Après que Hong a présenté sa nouvelle technique lors d’une conférence, Henzler-Wildman a suggéré qu’ils fassent équipe pour étudier EmrE. Son laboratoire a passé de nombreuses années à étudier comment EmrE transporte une molécule de type médicament, ou ligand, à travers la membrane phospholipidique. Ce ligand, connu sous le nom de F4-TPP+est une molécule tétraédrique à laquelle sont attachés quatre atomes de fluor, un à chaque coin.

En utilisant ce ligand avec la nouvelle technique RMN de Hong, les chercheurs ont entrepris de déterminer une structure à résolution atomique de l’EmrE. On savait déjà que chaque molécule d’EmrE contient quatre hélices transmembranaires à peu près parallèles. Deux molécules EmrE s’assemblent en un dimère, de sorte que huit hélices transmembranaires forment des parois internes qui interagissent avec le ligand lors de son déplacement dans le canal.
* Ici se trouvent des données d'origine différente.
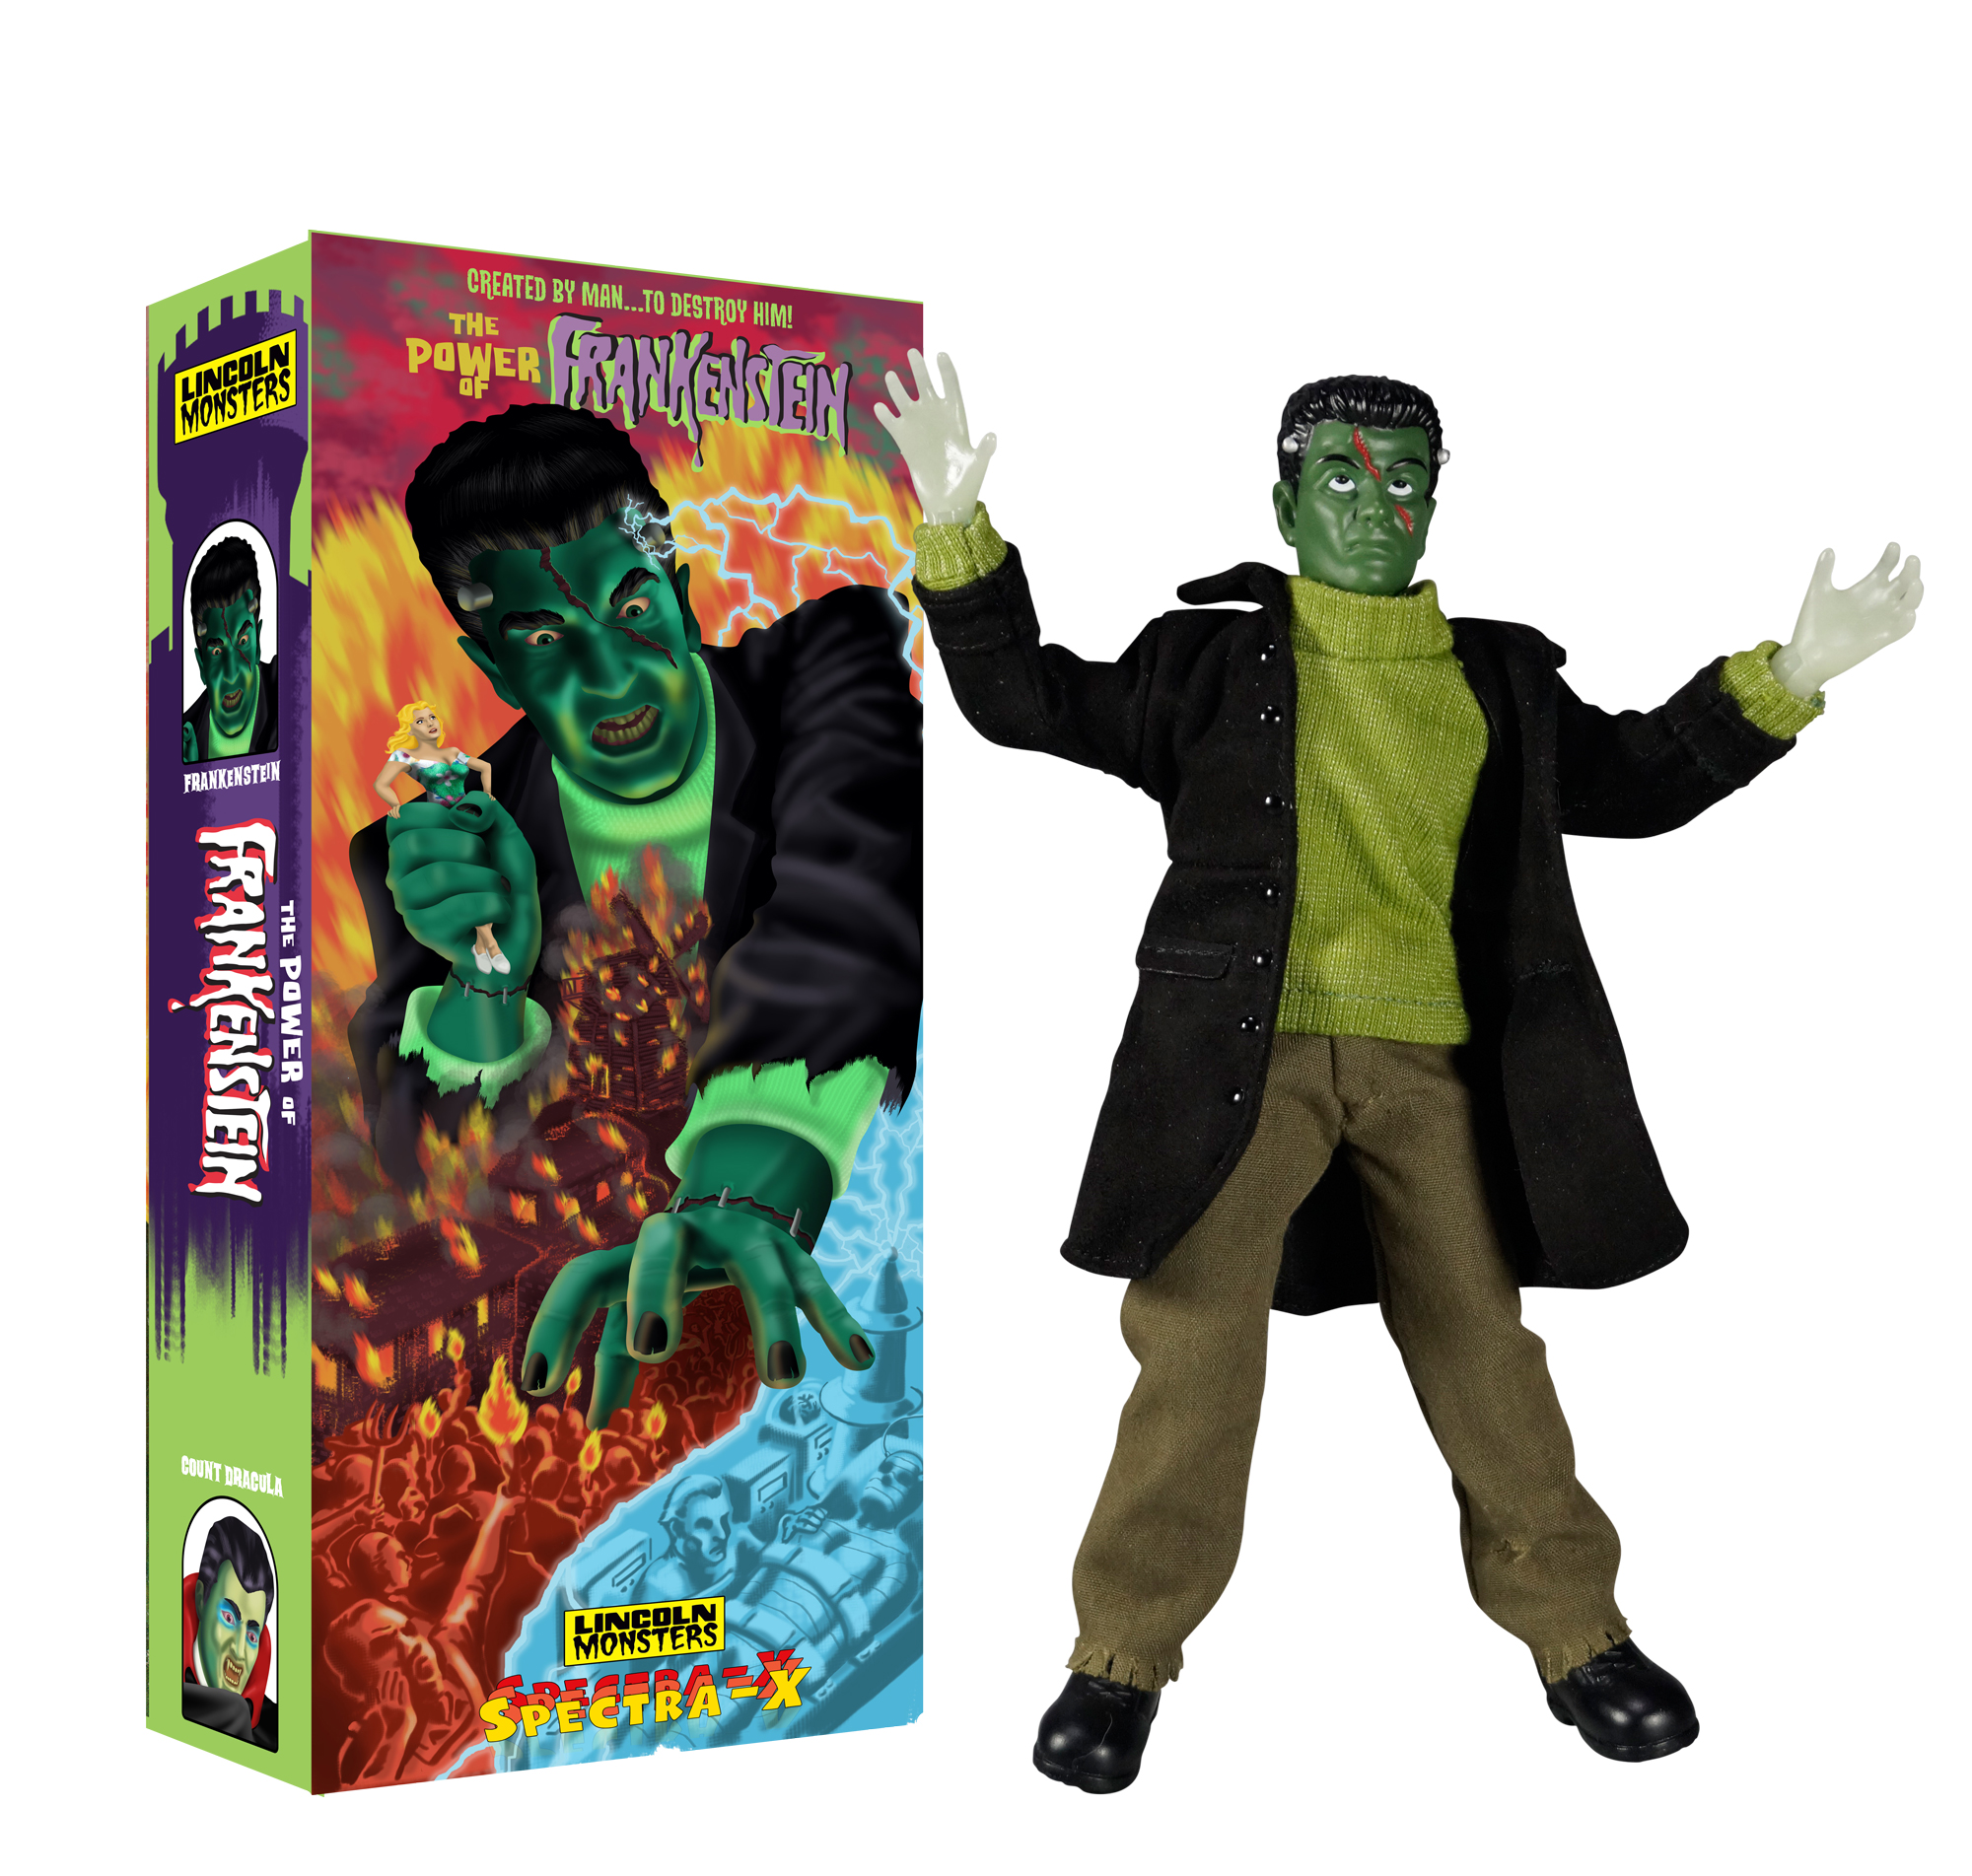 Lincoln Monsters The Power of Frankenstein

Des études antérieures ont révélé la topologie globale des hélices, mais pas des chaînes latérales de la protéine qui s’étendent à l’intérieur du canal, qui sont comme des bras qui saisissent le ligand et aident à le guider dans le canal.
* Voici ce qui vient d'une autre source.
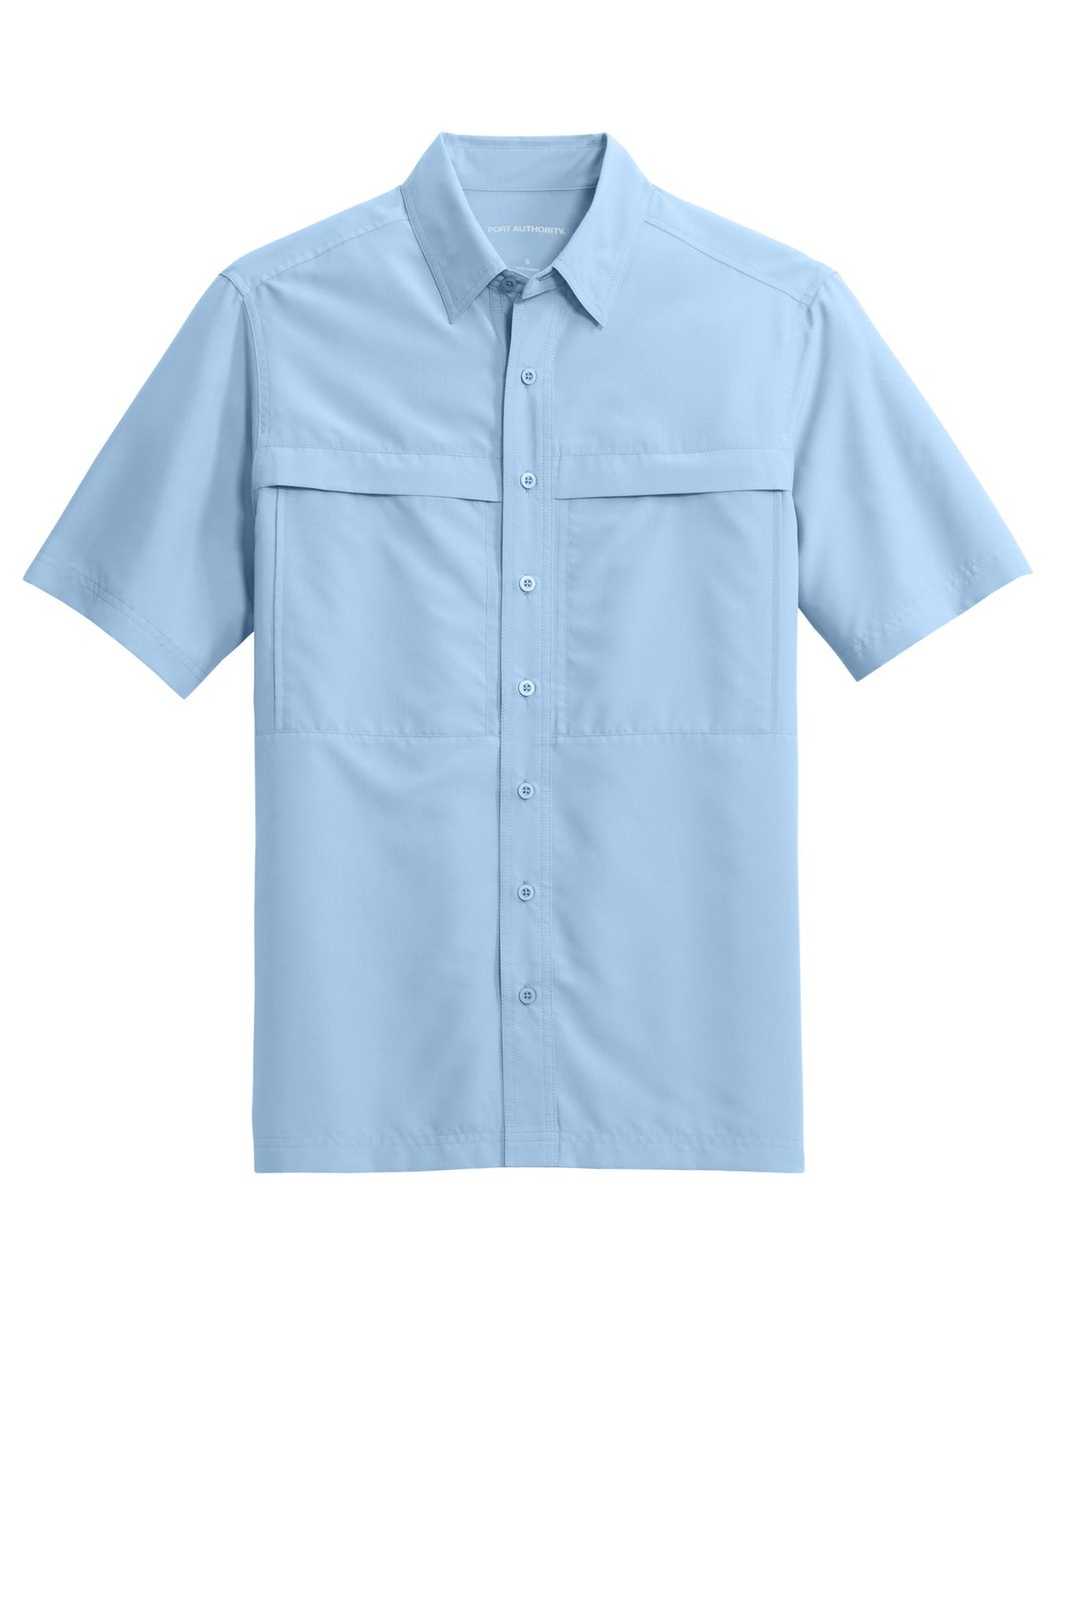 Port Authority W961 Short Sleeve UV Daybreak Shirt - Light Blue - HIT a Double - 1

EmrE transporte des molécules toxiques de l’intérieur d’une cellule bactérienne, dont le pH est neutre, vers l’extérieur, qui est acide. Ce changement de pH à travers la membrane affecte la structure d’EmrE. Dans un article publié en 2021, Hong et Henzler-Wildman ont découvert la structure de la protéine lorsqu’elle se lie à F4-TPP+ dans un environnement acide. Dans le nouveau Nature Communications , ils ont analysé la structure à un pH neutre, ce qui leur a permis de déterminer comment la structure de la protéine change en fonction du pH.

Une structure complète

À pH neutre, les chercheurs ont constaté dans cette étude que les quatre hélices qui composent le canal sont relativement parallèles les unes aux autres, créant une ouverture dans laquelle le ligand peut facilement entrer. Lorsque le pH baisse, en se déplaçant vers l’extérieur de la membrane, les hélices commencent à s’incliner de sorte que le canal est plus ouvert vers l’extérieur de la cellule. Cela permet de pousser le ligand hors du canal. Dans le même temps, plusieurs anneaux présents dans les chaînes latérales des protéines changent d’orientation d’une manière qui contribue également à guider le ligand hors du canal.
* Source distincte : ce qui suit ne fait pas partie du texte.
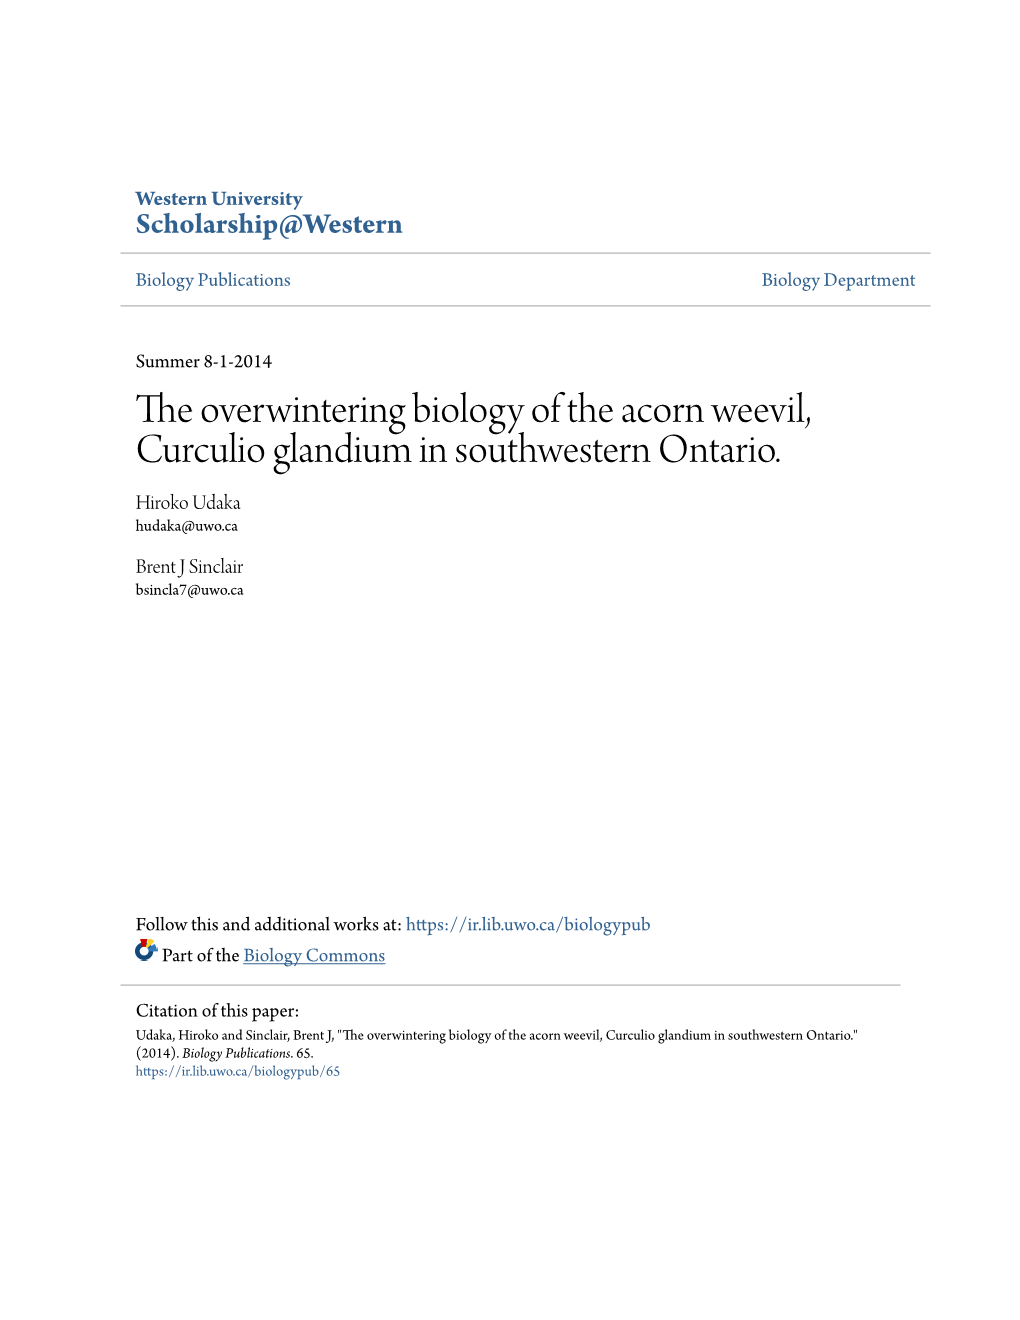 The Overwintering Biology of the Acorn Weevil, Curculio Glandium in Southwestern

L’extrémité acide du canal est aussi plus accueillante pour les protons, qui entrent dans le canal et l’aident à s’ouvrir davantage, permettant au ligand de sortir plus simplement.

“Cet article complète vraiment l’histoire”, dit Hong. “Une structure ne devient pas suffisante. Il en faut deux, pour comprendre comment un transporteur peut réellement s’ouvrir des deux côtés de la membrane, car il est censé pomper le ligand ou le composé antibiotique de l’intérieur de la bactérie vers l’extérieur.”

On pense que le canal EmrE transporte de nombreux composés toxiques différents. Hong et ses collègues prévoient donc d’étudier comment d’autres molécules voyagent à travers ce canal.

La recherche a été financée par les National Institutes of Health et le MIT School of Science Camplan Fund.

Source :

Institut de technologie du Massachusetts

Référence du journal :

Shcherbakov, A.A., et al. (2022) La structure à pH élevé de EmrE révèle le mécanisme de transport de substrat couplé au proton. Nature Communications. doi.org/10.1038/s41467-022-28556-6.